Soltanizadeh Sinor, Helgstrand Frederik, Jorgensen Lars N
Digestive Disease Center, Bispebjerg Hospital, University of Copenhagen, Copenhagen NV, Denmark; and Department of Surgery, Zealand University Hospital, Køge, Denmark.
Plast Reconstr Surg Glob Open. 2017 Jun 21;5(6):e1358. doi: 10.1097/GOX.0000000000001358. eCollection 2017 Jun.
Repair of large incisional hernias remains a surgical and costly challenge. Temporary paralysis of the lateral abdominal wall muscles with topical administration of botulinum toxin A (BTA) is a new therapeutic concept, which may obviate the need for component separation technique (CST) for repair of large incisional hernias. Current literature on the administration of BTA as adjunct to surgical repair of abdominal incisional hernias was investigated.
The electronic databases PubMed and Embase were searched for eligible studies. Two independent investigators evaluated the literature. Data were sought regarding primary fascial closure with and without CST, safety, hernia recurrence, method of application, and preoperative radiological imaging.

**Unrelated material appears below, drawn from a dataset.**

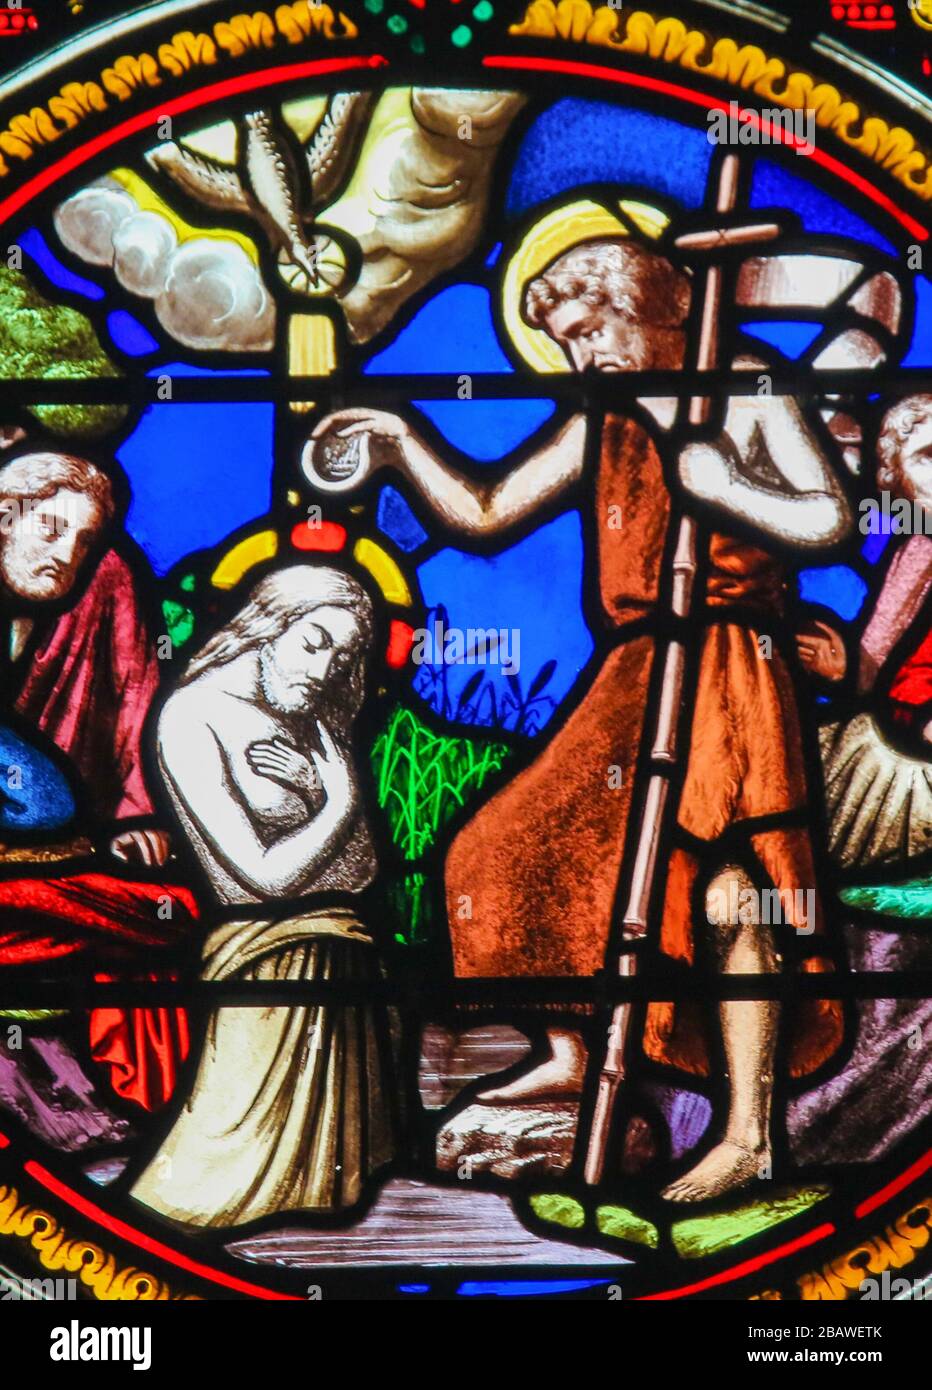 Saint-adresse, France - 15 août 2019 : vitrail dans la Chapelle de notre-Dame-des-flots (1857) à Sainte adresse, le Havre, France, représentant le Banque D'Images

Six cohort studies including a total of 133 patients receiving BTA were identified. No randomized or case-control studies were found. In total, 83.5% of the patients achieved primary fascial closure. Supplemental CST was necessary in 24.1% of the patients. Two patients developed hernia recurrence during follow-up. No postoperative complications or adverse events were considered related to the administration of BTA, except for impairment of postoperative coughing and sneezing. Additionally, radiological imaging showed that BTA increased the length of lateral abdominal muscles before surgery.
Preoperative administration of BTA increases muscle length and may facilitate primary fascial closure. Optimal administration is at least 2 weeks before repair, whereas the optimal dose of BTA remains to be defined. Carefully designed randomized controlled trials are warranted to identify patients who would benefit from BTA and to eliminate the confounding effect of CST.
大型切口疝的修复仍然是一项具有手术挑战性且成本高昂的任务。局部应用肉毒杆菌毒素A(BTA)使侧腹壁肌肉暂时麻痹是一种新的治疗理念,这可能无需采用用于修复大型切口疝的成分分离技术(CST)。我们对当前关于将BTA作为腹部切口疝手术修复辅助手段的文献进行了研究。
在电子数据库PubMed和Embase中检索符合条件的研究。两名独立研究人员对文献进行评估。收集了有关采用和未采用CST进行一期筋膜缝合、安全性、疝复发、应用方法以及术前放射影像学检查的数据。
确定了6项队列研究,共纳入133例接受BTA治疗的患者。未发现随机对照试验或病例对照研究。总体而言,83.5%的患者实现了一期筋膜缝合。24.1%的患者需要补充CST。两名患者在随访期间出现疝复发。除了术后咳嗽和打喷嚏功能受损外,未发现术后并发症或不良事件与BTA的应用有关。此外,放射影像学检查显示,BTA在术前增加了侧腹壁肌肉的长度。
术前应用BTA可增加肌肉长度,并可能有助于一期筋膜缝合。最佳应用时间是在修复前至少2周,而BTA的最佳剂量仍有待确定。有必要进行精心设计的随机对照试验,以确定能从BTA中获益的患者,并消除CST的混杂效应。